Rex Zero and the End of the World has just been released (February) by Farrar Straus Giroux in the US, and the reviews are very good, including starred reviews in both Publisher’s Weekly and the Horn Book.
Publisher’s Weekly Starred Review:
Rex Zero and the End of the World
Tim Wynne-Jones. FSG, $16 (192p) ISBN 0-374-33467-6
Wynne-Jones (A Thief in the House of Memory) draws on his own childhood to describe events leading up to the Cold War. In the summer of 1962, narrator Rex Harrison and his family move to Ottawa from Vancouver. The tension between the U.S. and Russia permeates everything this summer. A homeless man announces the end of the world on a placard, while others build bomb shelters. It seems only Rex's parents aren't taking the threats seriously. One evening, while walking his dog in the park, Rex's dog pulls him toward something hiding in the bushes. A brief glance is enough to convince him that it's dangerous ("It tilts back its head and roars"). His older sister thinks it's a mutant: the fallout from the atomic bomb dropped on Hiroshima. However, Rex's new friends believe it's a panther that escaped from a zoo a few years ago. Throughout the summer, the kids work on a plan to capture the beast. The author subtly draws a parallel between the intangible Cold War fear and fear of the elusive creature. Despite the weighty themes, Wynne-Jones writes with a light, often humorous touch and maintains a perspective true to an 11-year-old's perspective. As Rex muses on the idea of the world ending, he understands that "one world seems to come crashing to a halt and you invent another." This winning hero paints a universe both hopeful and realistic, one that readers may well want to visit. Ages 8-12. (Mar.)
Horn Book Starred Review:
Tim Wynne-Jones Rex Zero and the End of the World
186 pp. Kroupa/Farrar 3/07 ISBN 978-0-374-33467-3 $16.00
(Intermediate, Middle School)
What to do when the end of the world has a date on it? The homeless man's sign says it will come on October 23, and it doesn't seem all that far-fetched. The TV is full of news about Krushchev and Castro, the neighbors are building a bomb shelter, and just what was that strange beast Rex caught a glimpse of in the park? Canadian novelist Wynne-Jones presents young American readers with a time and place unsettlingly foreign despite its relative proximity: Ottawa in 1962, at the height of the Cold War. Rex and his family have just moved from Vancouver, and his top priority is making friends and fitting in, so when he finds a neighborhood gang happily occupied with tracking down an escaped zoo panther, he joins them wholeheartedly.

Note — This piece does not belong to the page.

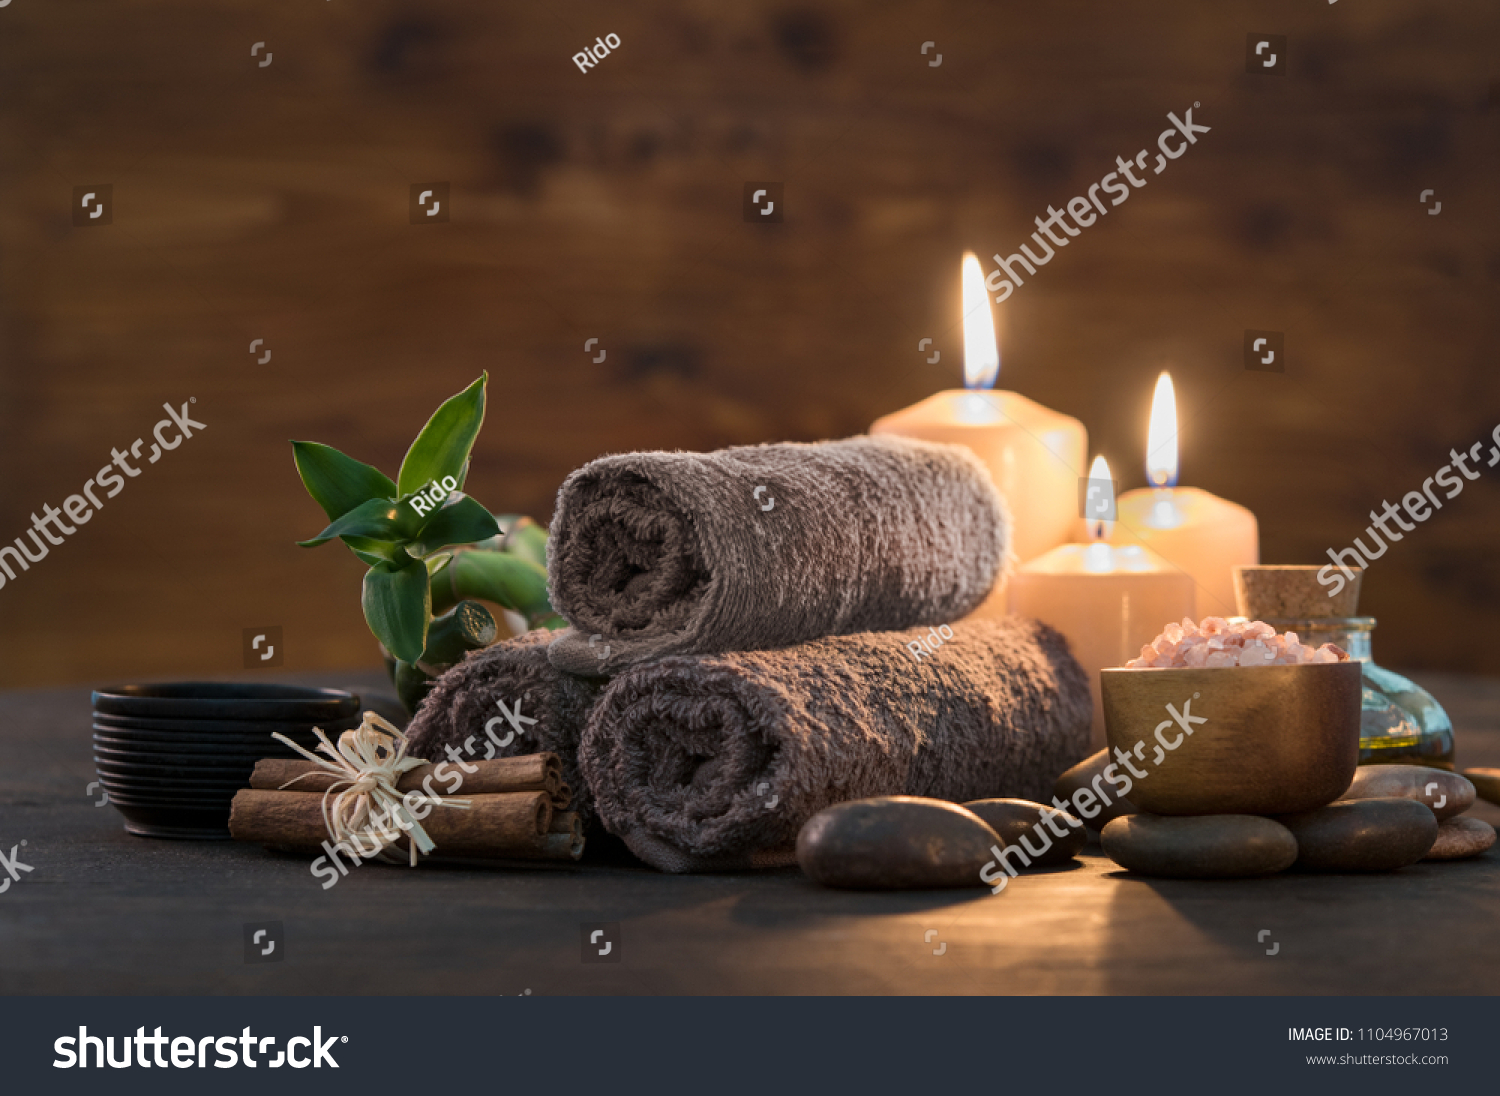 Brown towels with bamboo and candles for relax spa massage and body treatment. Composition with candles, spa stones and salt on wooden background. Spa and wellness setting ready for beauty treatment.  #1104967013

The present-tense narrative is brilliant in its near stream-of-consciousness depiction of the world as Rex sees it, with the vague but looming grown-up menaces distilling themselves into the threat of the panther, a concrete danger that Rex feels he and his friends can -- indeed must, in the face of adult powerlessness -- contain. The meticulous plotting sets the enormity of world destruction against the equally cataclysmic concerns of childhood, all magnified through the lens of Rex's vivid imagination. It's a historic narrative that resonates eerily and effectively today. V.S.